►

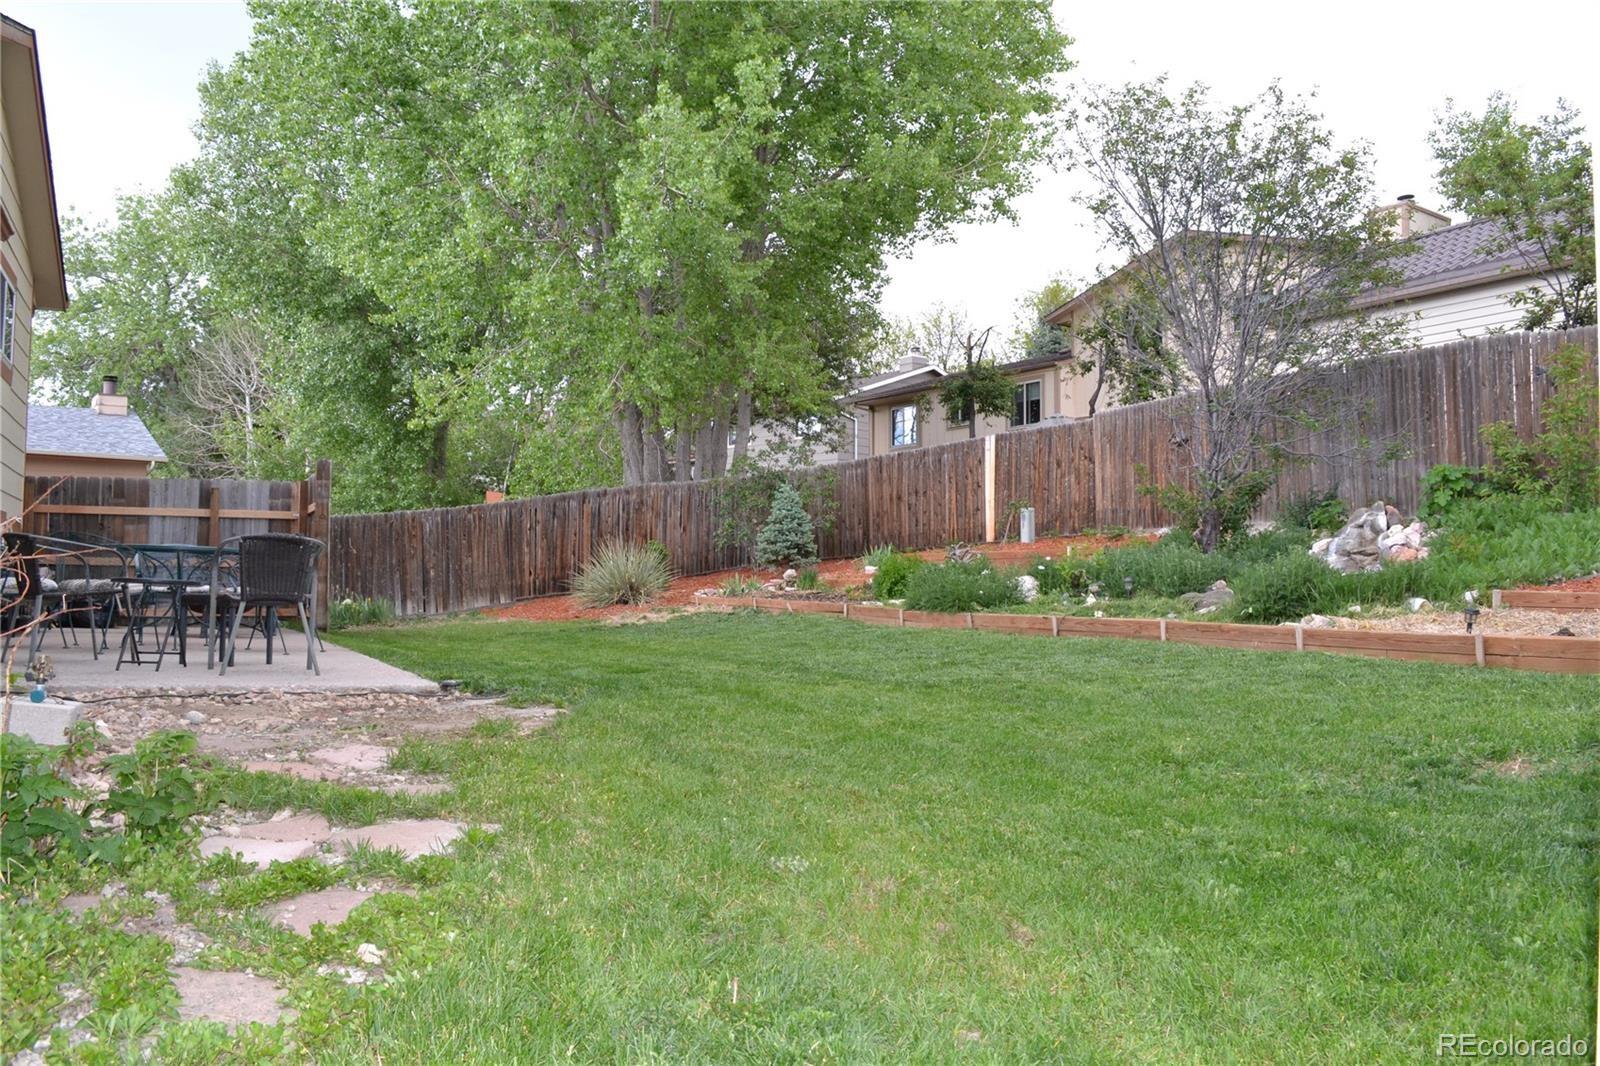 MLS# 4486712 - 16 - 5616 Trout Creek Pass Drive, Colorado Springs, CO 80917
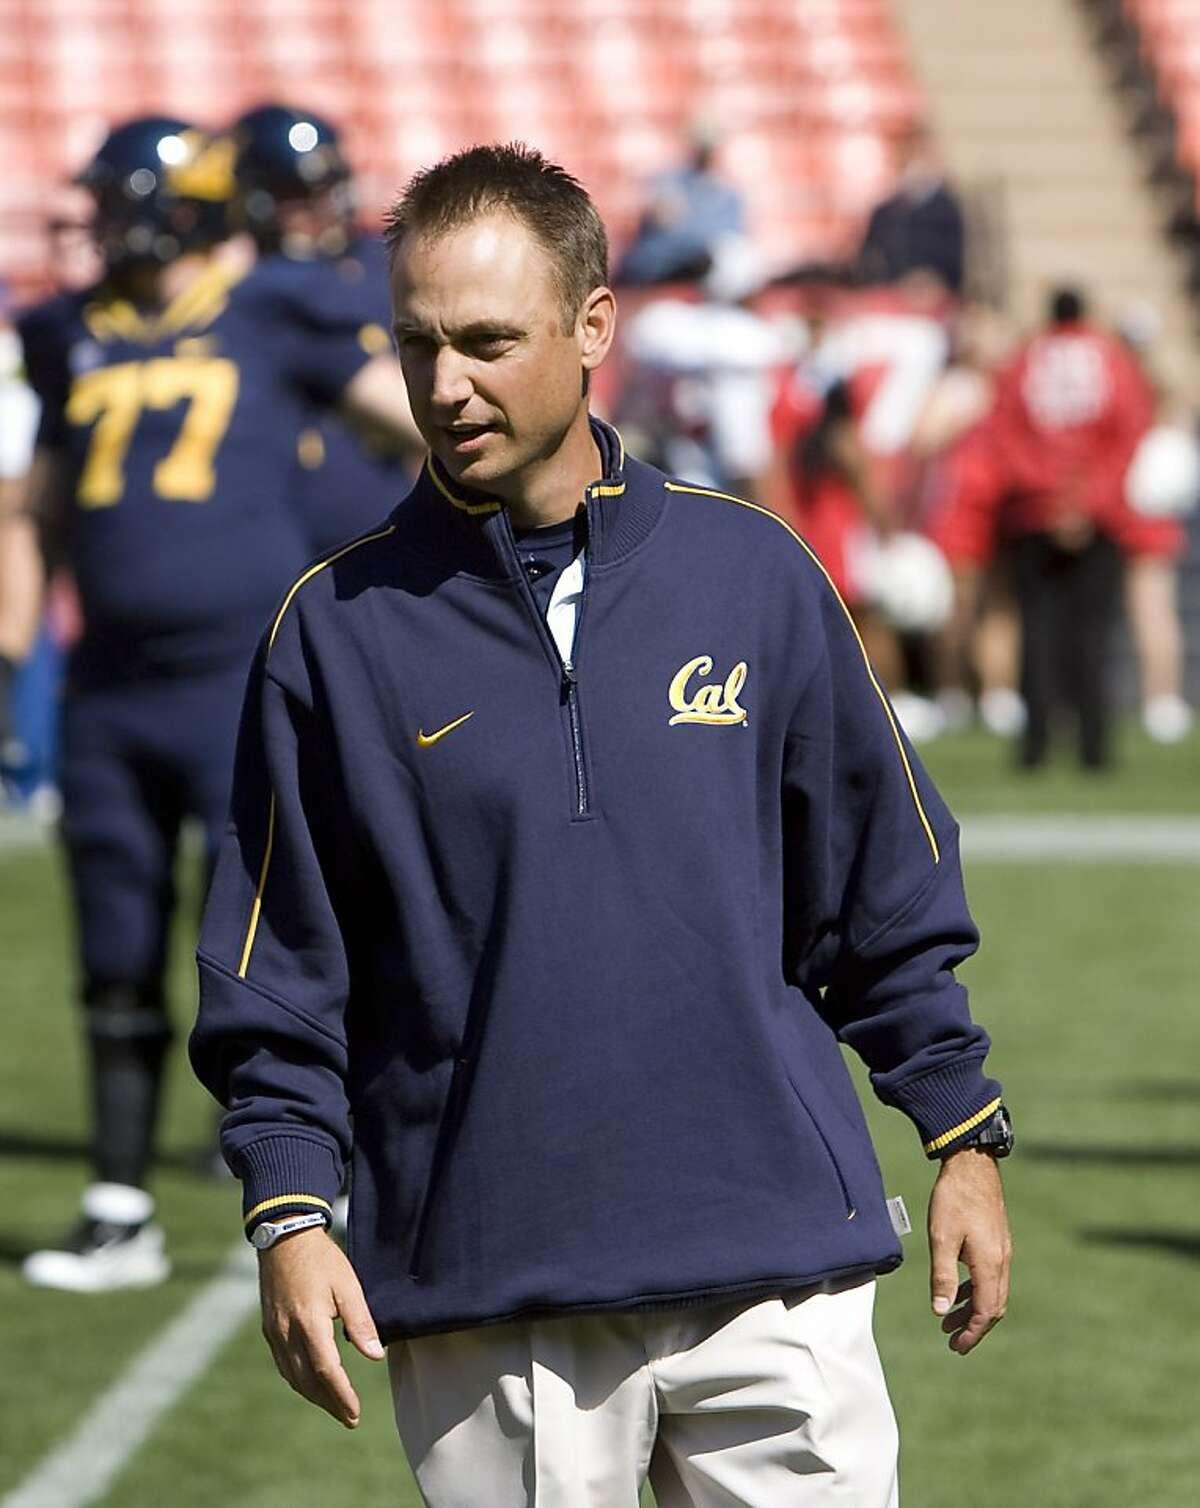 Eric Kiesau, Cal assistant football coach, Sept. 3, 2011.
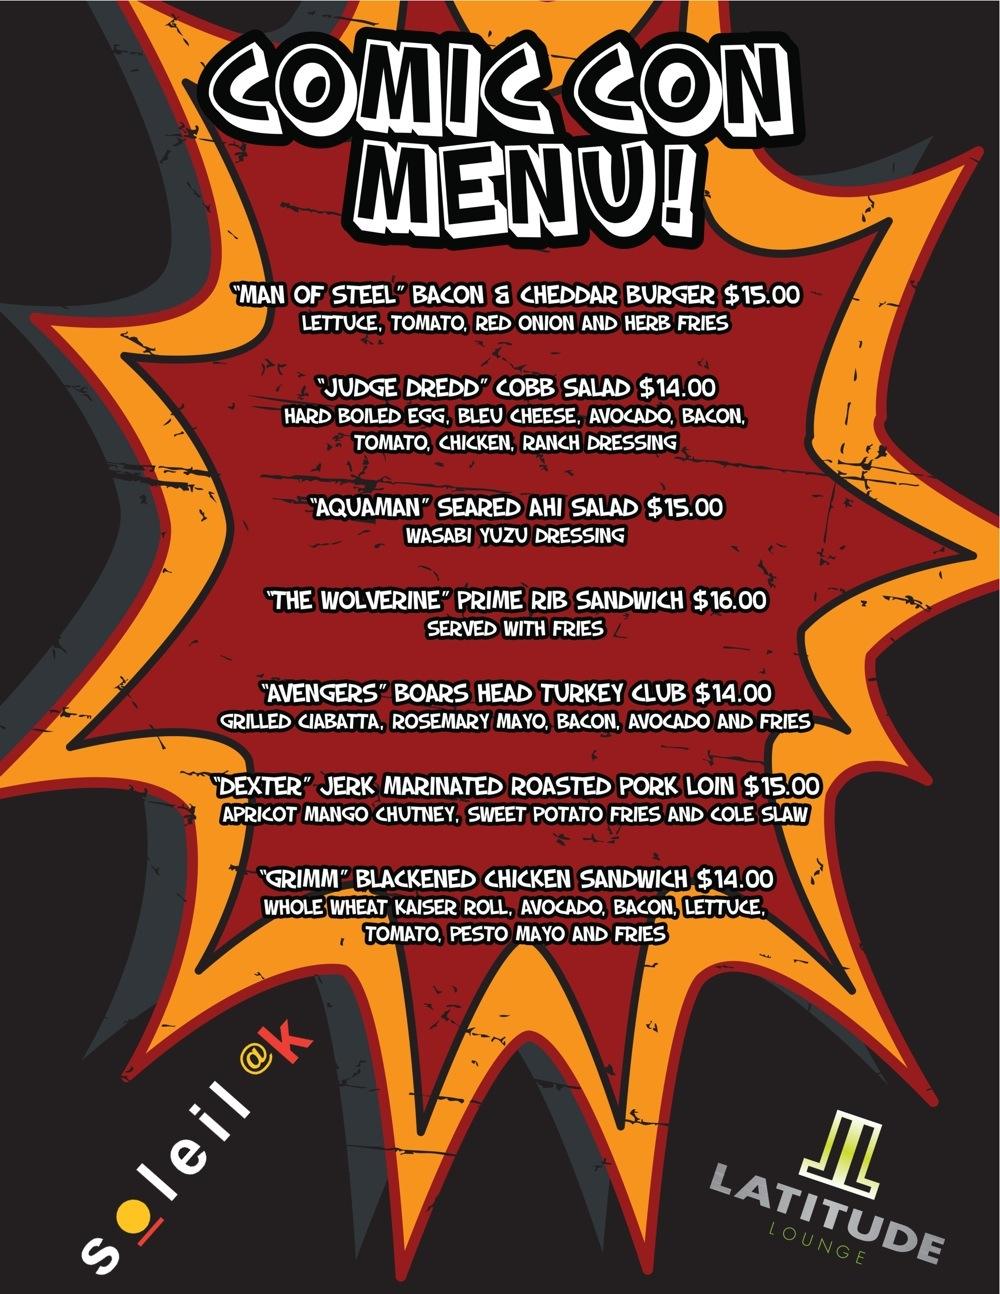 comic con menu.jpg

◄

▸ **ACTION ITEM**
Return the full set of lines above word for word and with no pictures.

▸ **SOLUTION TO THIS PROBLEM**
 MLS# 4486712 - 16 - 5616 Trout Creek Pass Drive, Colorado Springs, CO 80917
 Eric Kiesau, Cal assistant football coach, Sept. 3, 2011.
 comic con menu.jpg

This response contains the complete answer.